# What you have to do
Please keep the images out and set down the data exactly as given.

# Data segment
+ + + +

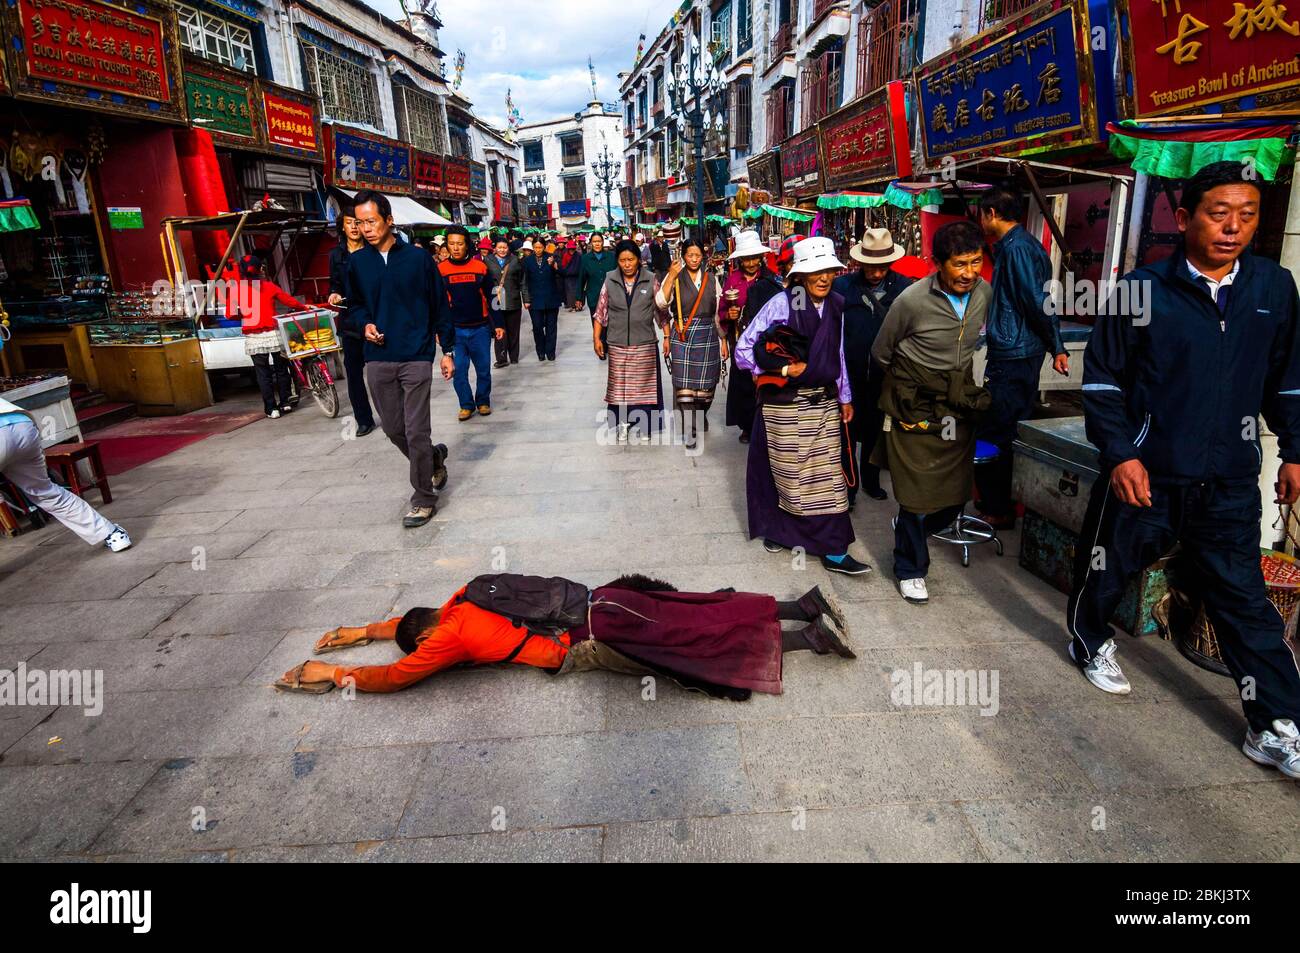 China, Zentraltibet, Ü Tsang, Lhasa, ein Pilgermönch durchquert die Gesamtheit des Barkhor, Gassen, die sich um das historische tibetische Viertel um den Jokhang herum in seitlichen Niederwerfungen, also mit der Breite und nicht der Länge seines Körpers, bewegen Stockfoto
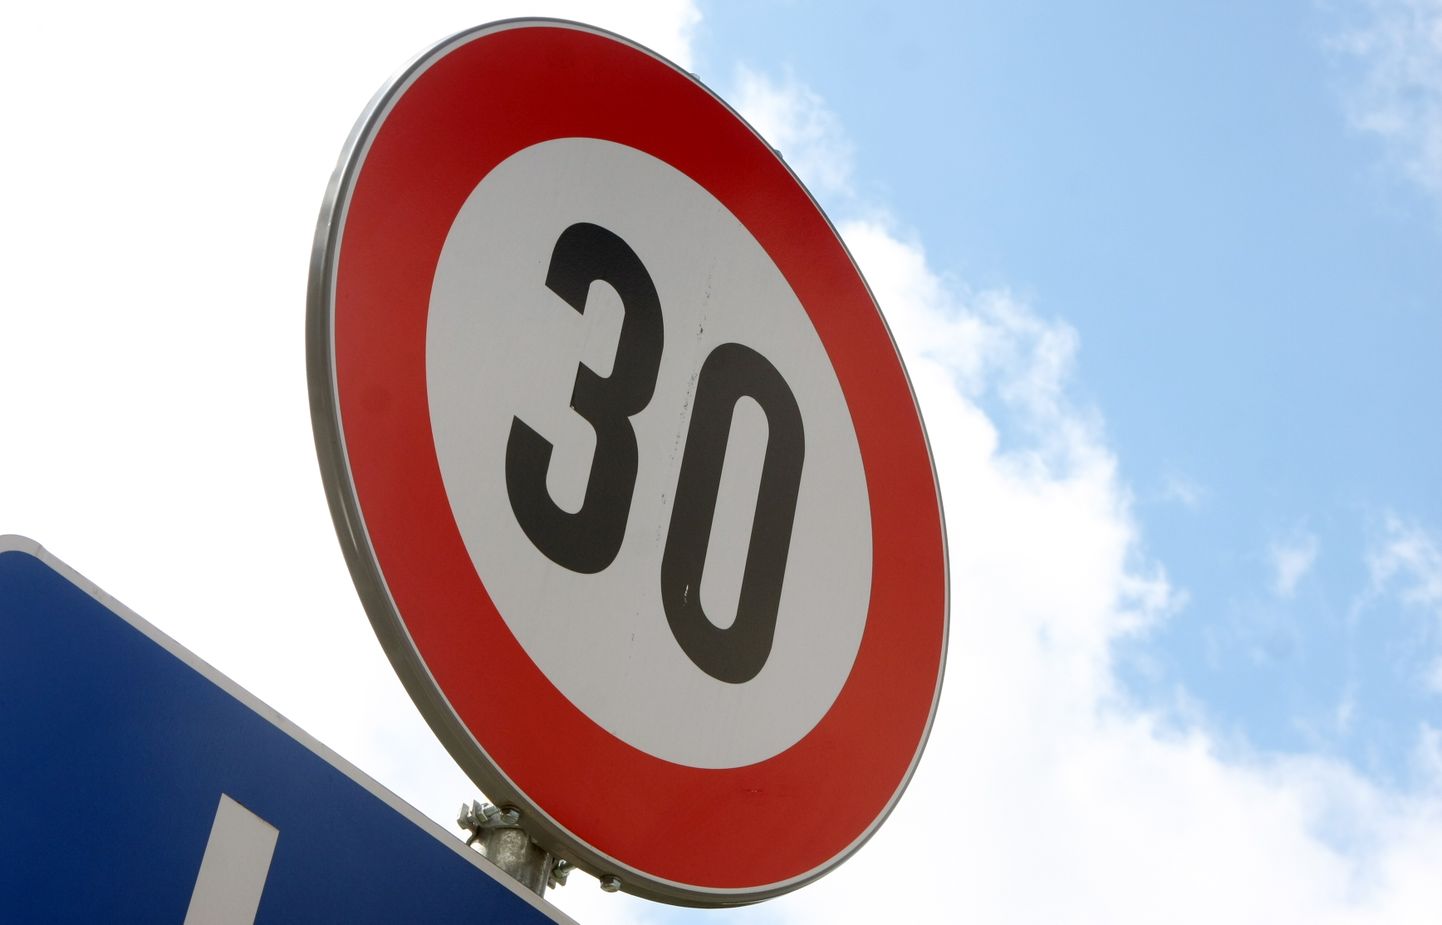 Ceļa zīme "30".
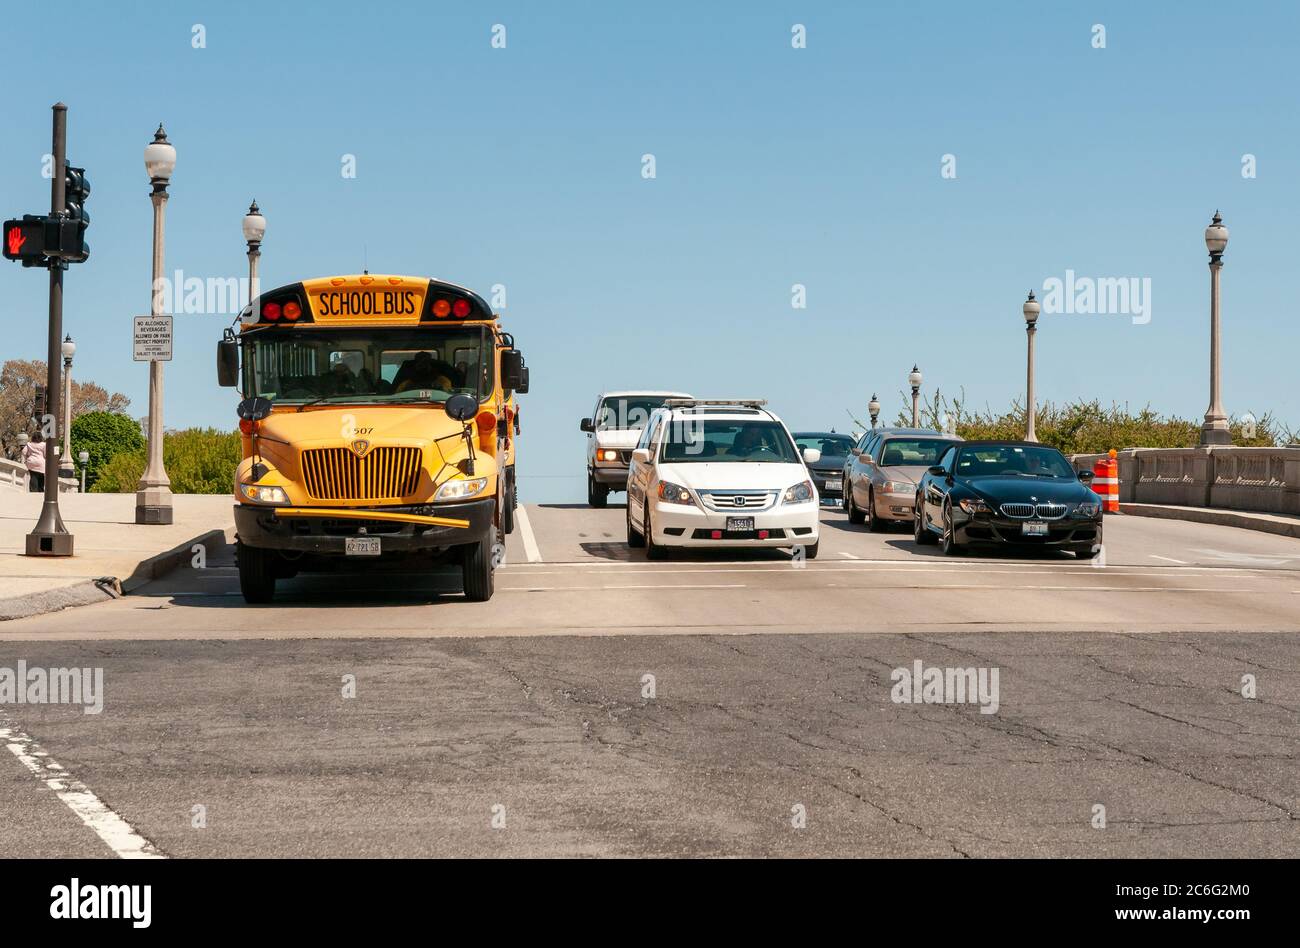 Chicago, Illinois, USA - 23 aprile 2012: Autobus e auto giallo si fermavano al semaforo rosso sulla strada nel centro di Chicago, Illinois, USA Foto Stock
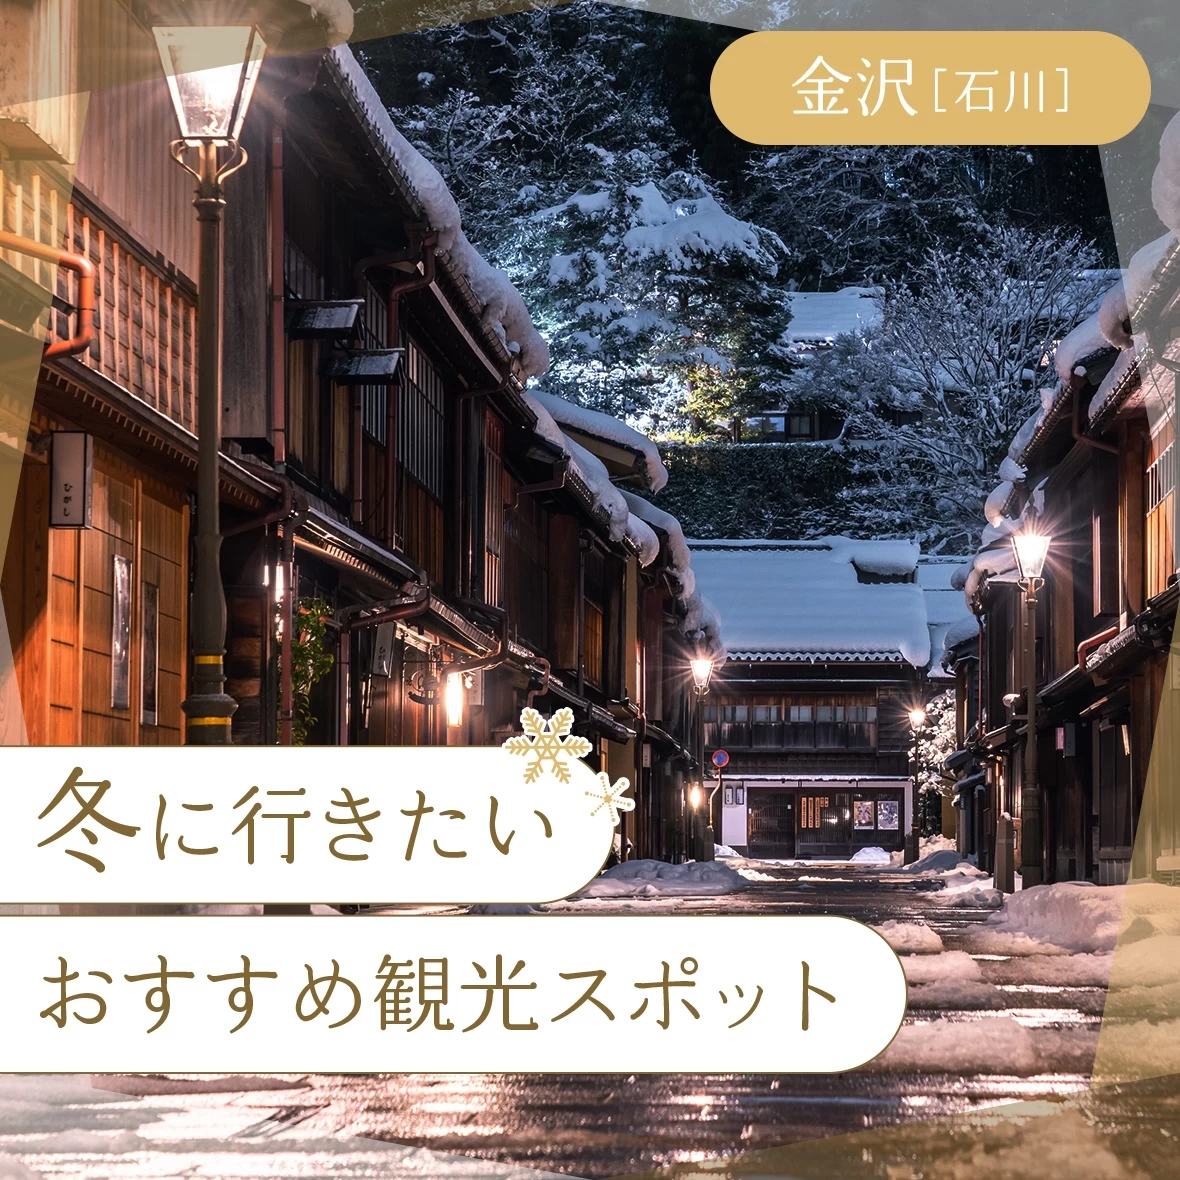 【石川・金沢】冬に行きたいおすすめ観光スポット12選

+ + + +

# Reply to the task
 China, Zentraltibet, Ü Tsang, Lhasa, ein Pilgermönch durchquert die Gesamtheit des Barkhor, Gassen, die sich um das historische tibetische Viertel um den Jokhang herum in seitlichen Niederwerfungen, also mit der Breite und nicht der Länge seines Körpers, bewegen Stockfoto
 Ceļa zīme "30".
 Chicago, Illinois, USA - 23 aprile 2012: Autobus e auto giallo si fermavano al semaforo rosso sulla strada nel centro di Chicago, Illinois, USA Foto Stock
 【石川・金沢】冬に行きたいおすすめ観光スポット12選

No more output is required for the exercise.